験 (kyujitai 驗) “to examine”

Ten-style 験 For the kanji 験, the right side of the ancient writing meant “under a roof two (or many) people standing side by side.” Together with a horse on the left, it meant that people gathered horses in a place to examine and grade them. From this, the kanji 験 means “to examine.” The words that this kanji had include 試験 /shike’n/ “examination,” 実験 /jikken/ ”experiment” and 経験 /keeken/ ”experiences.” The kun-reading /shirushi/ is rarely used.

駅 (kyujitai 驛) “railway station”

Ten-style 駅 For the kanji 駅, the right side was used phonetically but also meant “continuous.” In a long journey, a messenger changed his horse at a station. In modern times, the kanji means “railway station” and is used in words like 駅 /e’ki/ “railway station,” 東京駅 /tookyo’o-eki/ “Tokyo Station”, 駅弁/ekiben/ ”a box lunch sold at a railway station that has a local flavor,” and 駅伝 /ekiden/ “long-distance relay.” The kun-reading is normally not used.

 駅伝 “long-distance relay” in January”

One of the annual sport events over the New Year’s holidays in Japan is a long-distance relay run for university students called Hakone Ekiden 箱根駅伝 /Hakone-e’kiden/ ”Hakone long-distance relay.” (This site has a good photo: http://www.hakone-ekiden.jp/) On January 2nd and 3rd every year, relay teams of 10 runners representing their universities run a little over 100 km from Tokyo to the Hakone mountains, in the south west of Tokyo, and back to Tokyo. It is close to a half-marathon distance for each runner. When the whole country is in a relaxed holiday mood, having nothing else to do other than eat, drink toso (/to’so/: new years celebration sake seasoned with spices) and watch television, the two-day race gives the public some drama.

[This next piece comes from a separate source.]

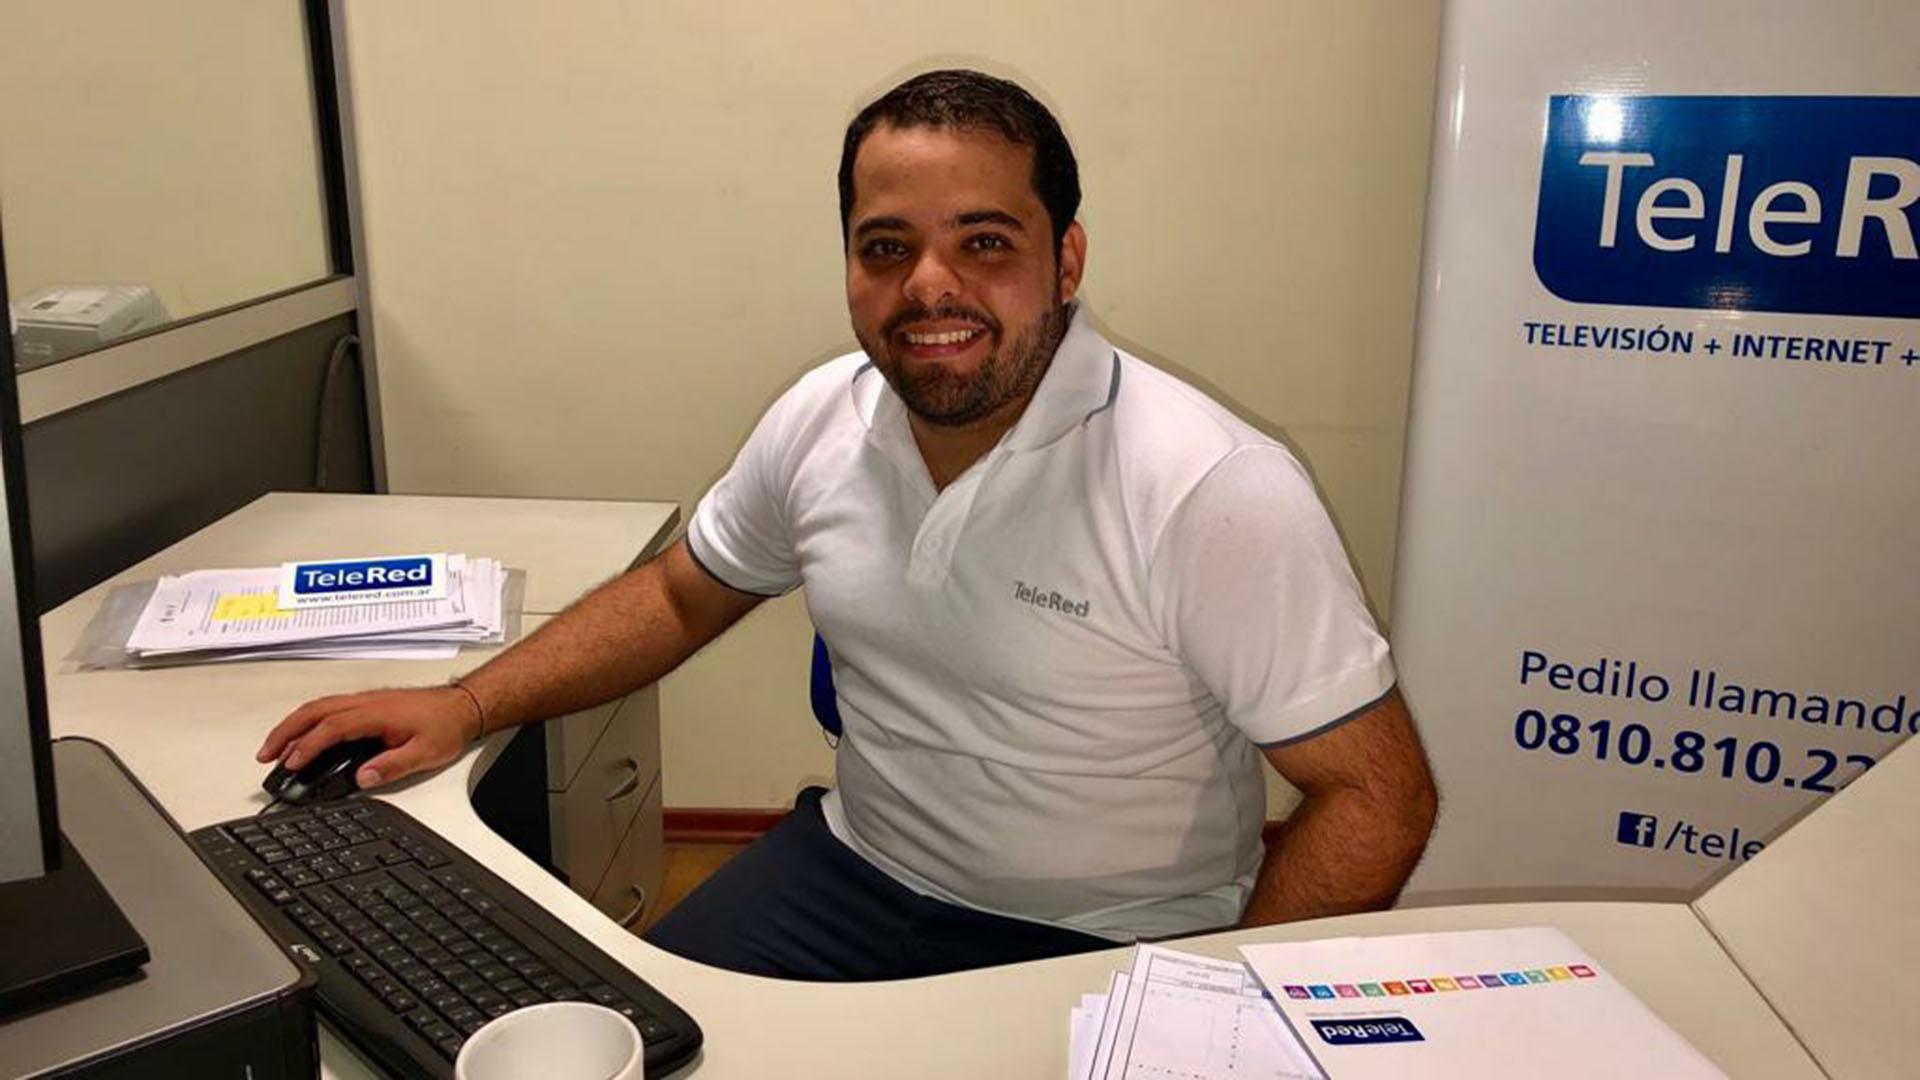 Fabian Carrasco ingeniero venezolano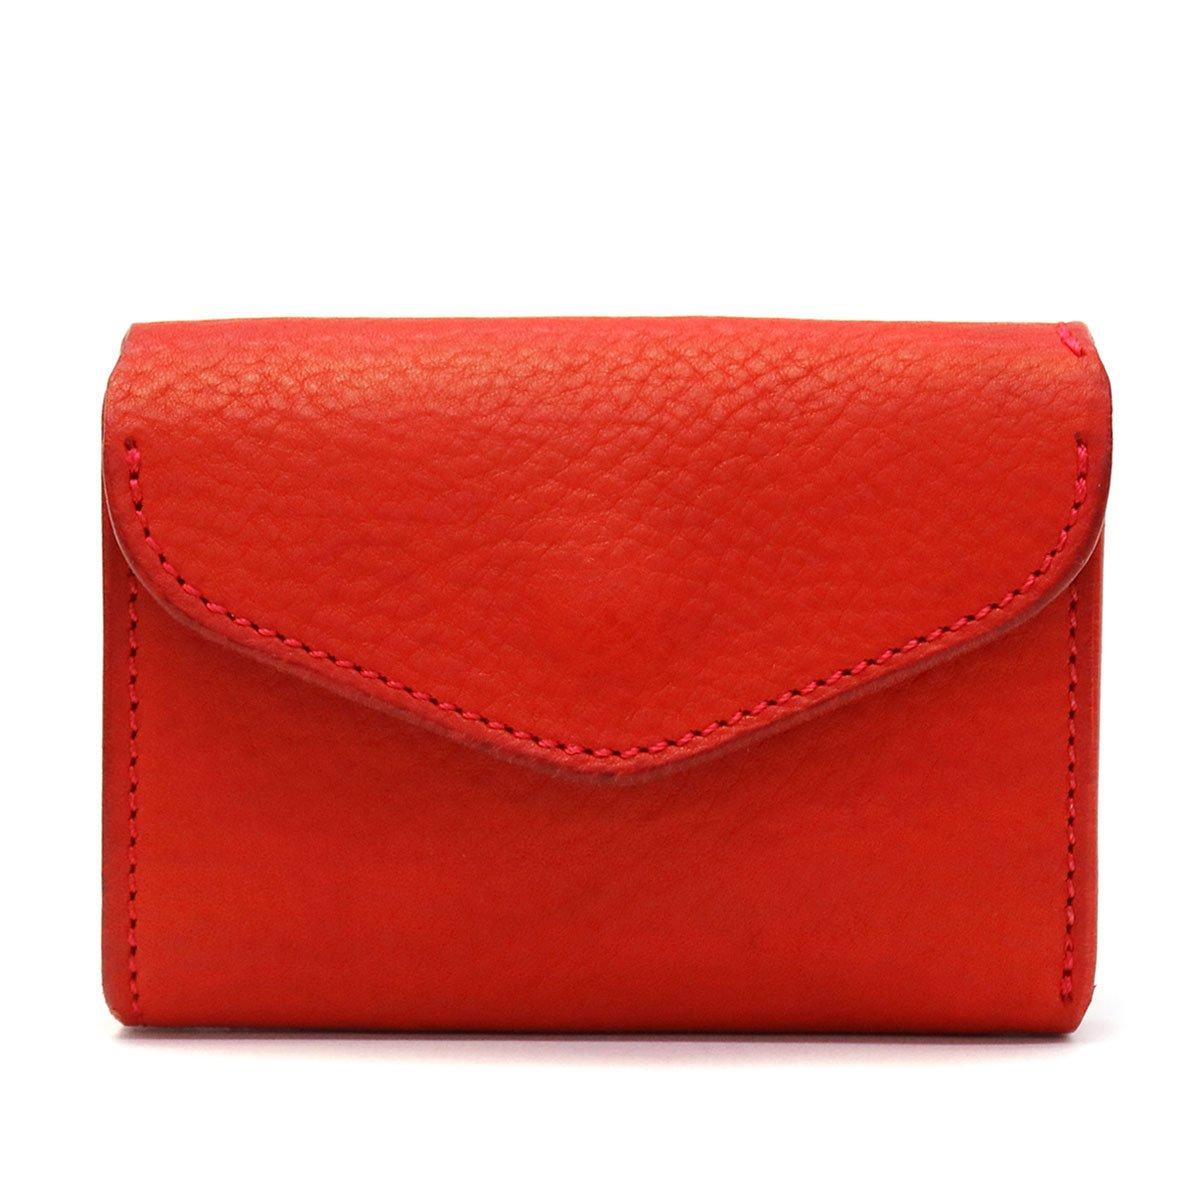 [クランプ]Cramp 三つ折り財布 Italian Shrink Leather Cr-170 B07CR3L8SX レッド レッド -

My hometown in Japan is located along the Sagami Bay and on the Hakone Ekiden route. My father was not a long-distance runner at university, but he did row crew. When the runners would come closer to my hometown area, my father would walk to the seashore road to watch the race, standing in a blistery cold sea breeze for a long time. When he returned home he would tell us excitedly what he had seen. This year, almost a half century later, my American family and I were in Japan when another ekiden called the Hiroshima Ekiden (prefectural competition) was held. We watched the final part of the race on television, enjoying a winter event in Japan.

Now back to our horse kanji story

 驚 “to be surprised; to be startled”

Ten-style 驚 Do you see two discreet components in this kanji? The top is the kanji 敬 ”to respect; revere” and the bottom is 馬. The top 敬 was used phonetically but its sound also had the meaning “to flinch.” A horse gets startled easily. So, the kanji 驚 means “to be surprised; to be startled.” The words include 驚く /odoro’ku/ “to be surprised” in kun-reading and 驚異的な /kyooiteki-na/ “startling; amazing” in on-reading.

There are many more Joyo kanji that have a horse as a component. Many of them reflect the characteristics of a horse, such as running fast.

The five kanji above are discussed in The Key to Kanji: 馬 (No. 850), 駐 (No.742), 駅 (no. 46), 験 (No. 283) and 驚 (No. 220).